Methods We included 656 participants with diabetes mellitus, gradable retinal photographs from baseline (2007–2009) and follow-up (2013–2015) examinations, information on alcohol intake and other relevant data from the Singapore Indian Eye Study were included. Incident DR was defined using the Modified Airlie House Classification as no DR at baseline and at least minimal non-proliferative DR at follow-up; and DR progression as at least a one-step worsening in DR at follow-up from minimal or worse status at baseline, excluding those with proliferative DR.

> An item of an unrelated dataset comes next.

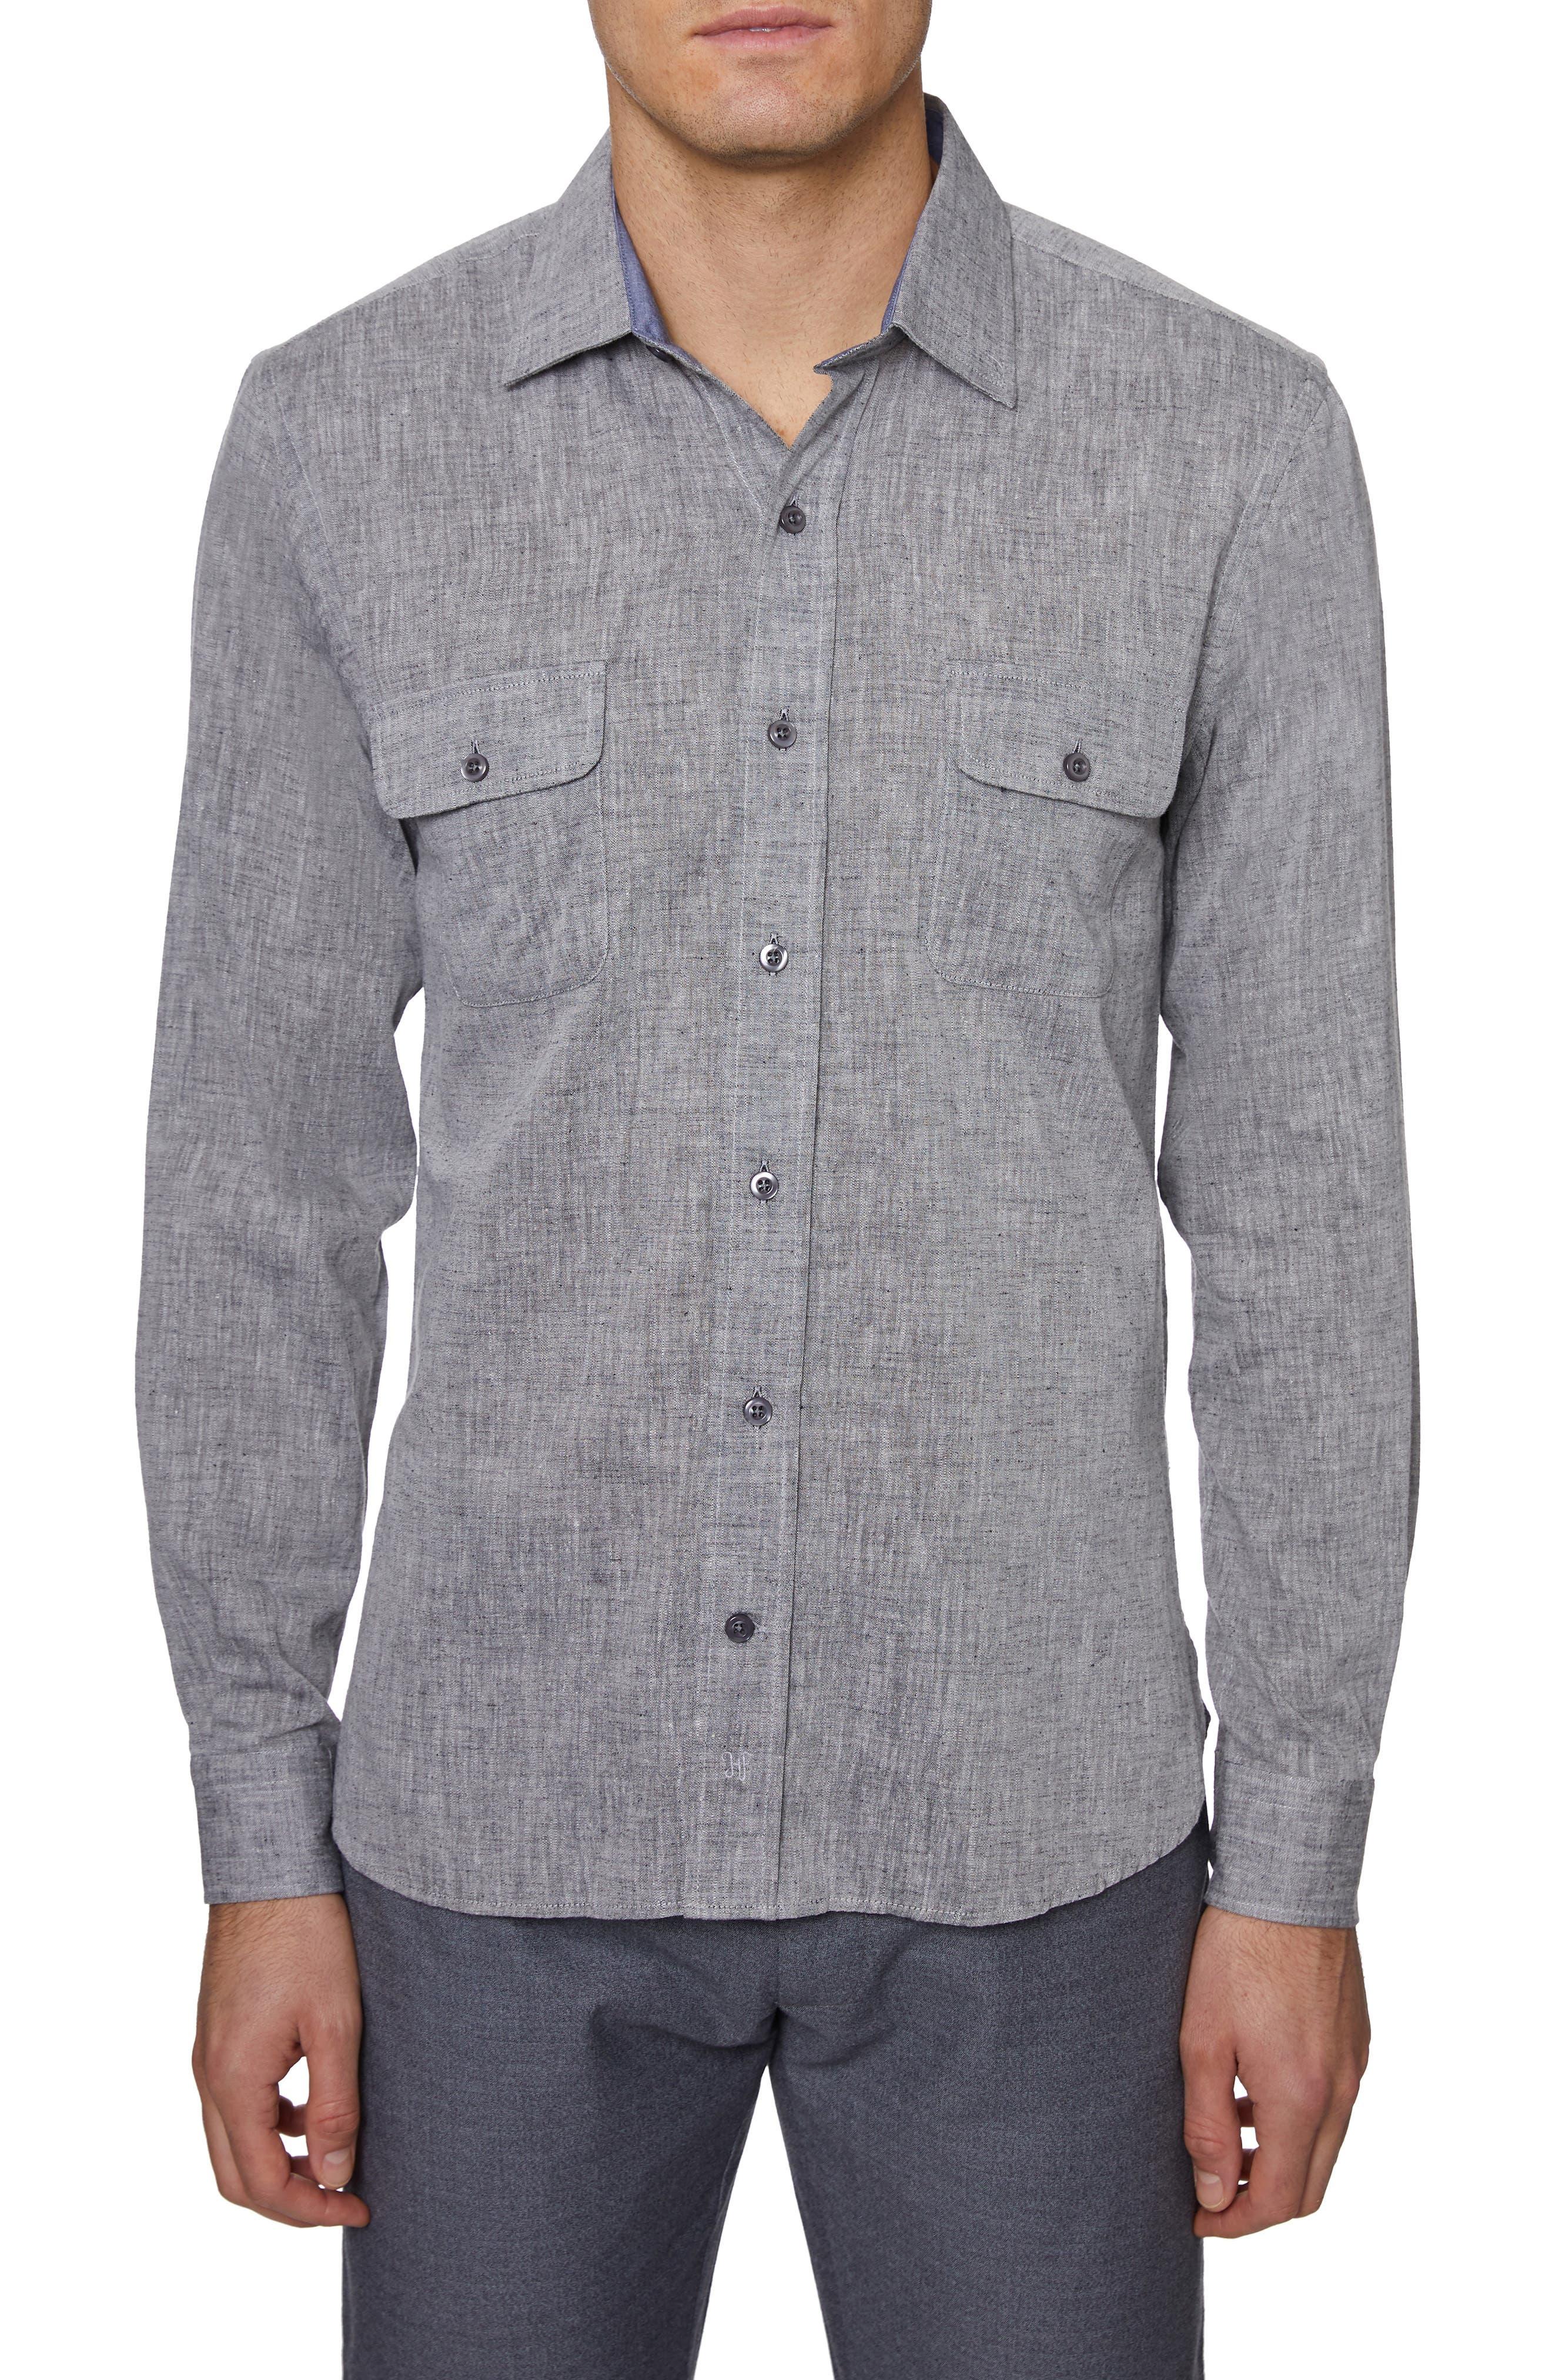 Regular Fit Cotton & Linen Sport Shirt, Main, color, GREY

Results The mean age (SD) of our participants (n=656) was 58.8 (9.2) years, and 54.4% were male. At follow-up, 82 of 510 (16%) participants developed DR, and 45 of 146 (30.8%) had DR progression. 65 (12.7%) and 28 (19.1%) participants consumed alcohol in incident DR and progression categories, respectively. In multivariable analyses, those who consumed alcohol had nearly two-thirds reduced odds of incident DR (OR (95% CI): 0.36 (0.13 to 0.98)) compared with those who did not. Participants with infrequent consumption of alcohol also had a reduction in odds of incident DR (0.17 (0.04 to 0.69)), compared with non-drinkers. No association was found between alcohol consumption and DR progression.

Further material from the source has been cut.